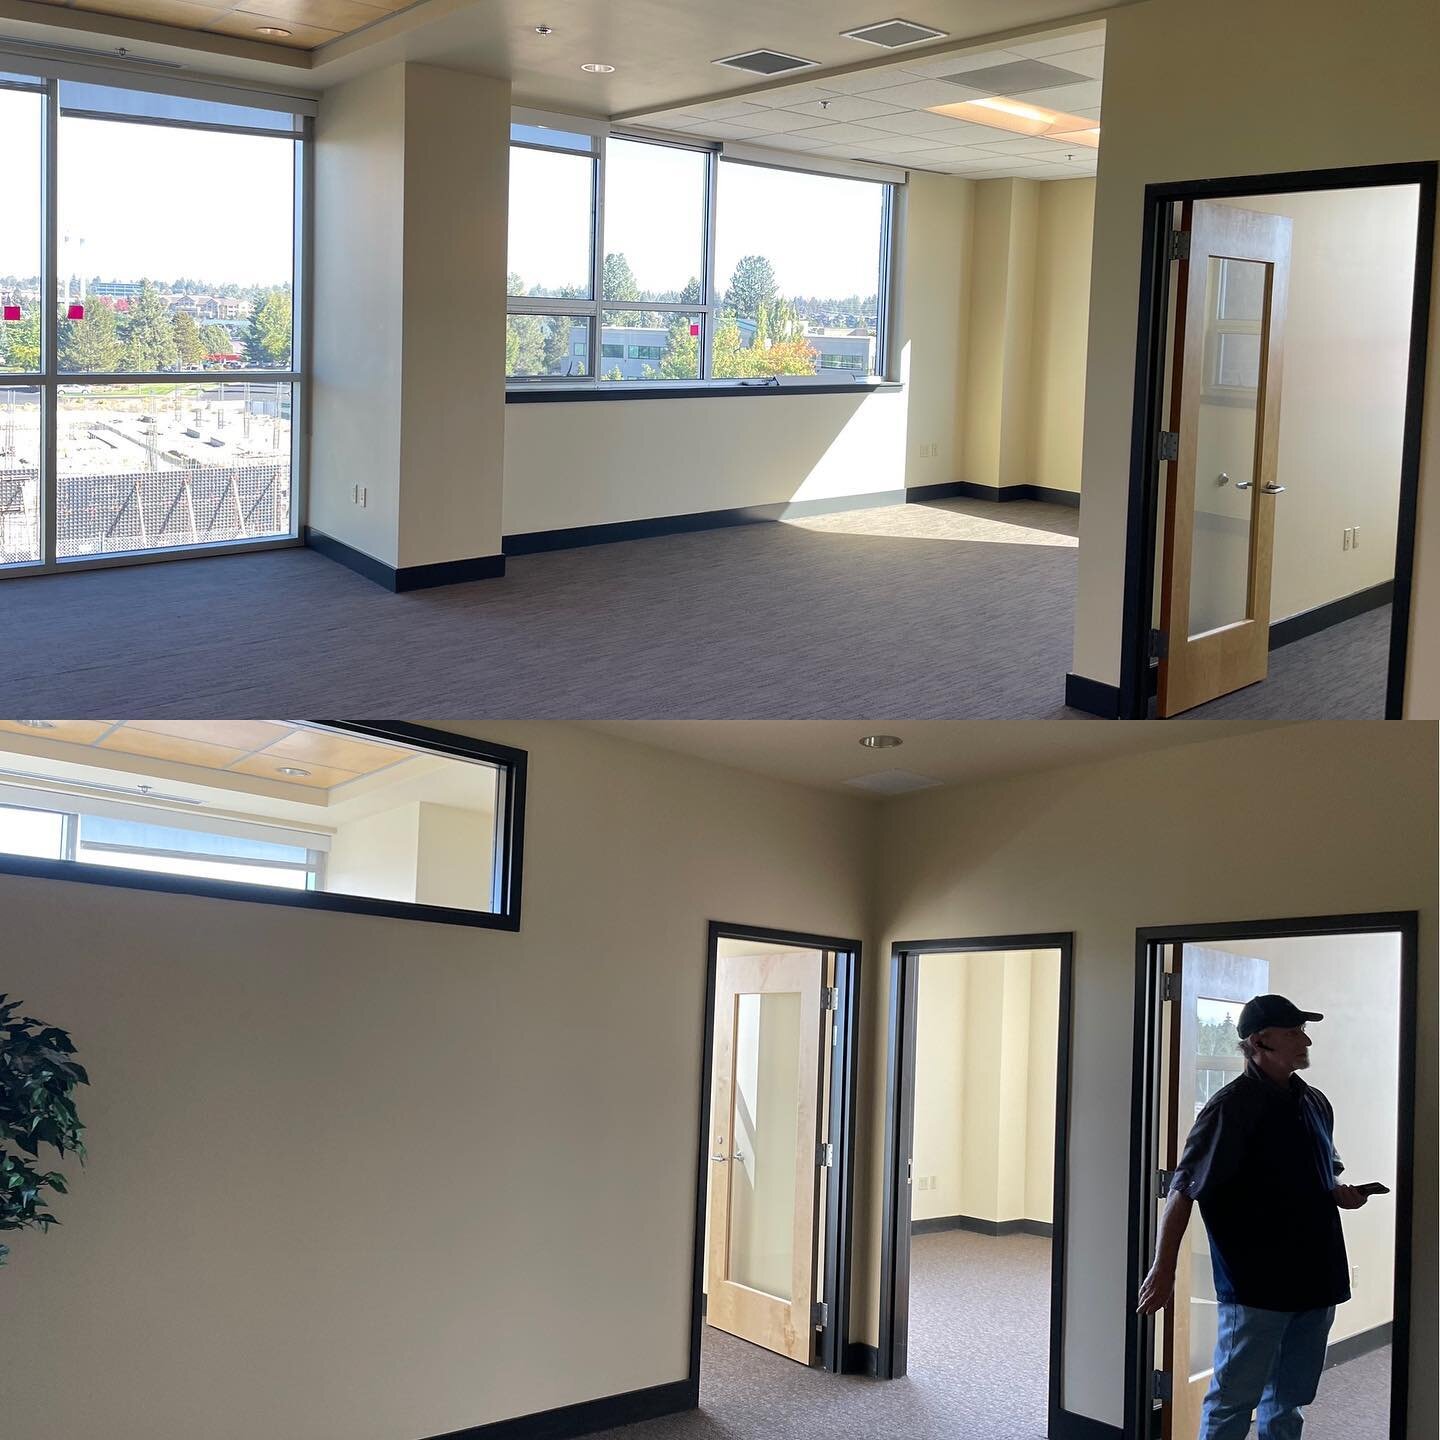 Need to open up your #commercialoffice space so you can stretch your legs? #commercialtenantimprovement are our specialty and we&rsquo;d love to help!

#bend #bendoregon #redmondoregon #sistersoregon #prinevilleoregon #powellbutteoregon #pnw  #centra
········
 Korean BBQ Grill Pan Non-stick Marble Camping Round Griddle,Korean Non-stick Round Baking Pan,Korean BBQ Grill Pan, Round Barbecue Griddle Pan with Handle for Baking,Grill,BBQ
········
__BRIEF__
In the records above, find the line containing "Need to open" and the line containing "#bend #bendoregon #redmondoregon", then give both of them again word for word along with every line between. Omit any pictures.

__FINISHED EXERCISE__
 Need to open up your #commercialoffice space so you can stretch your legs? #commercialtenantimprovement are our specialty and we&rsquo;d love to help!

#bend #bendoregon #redmondoregon #sistersoregon #prinevilleoregon #powellbutteoregon #pnw  #centra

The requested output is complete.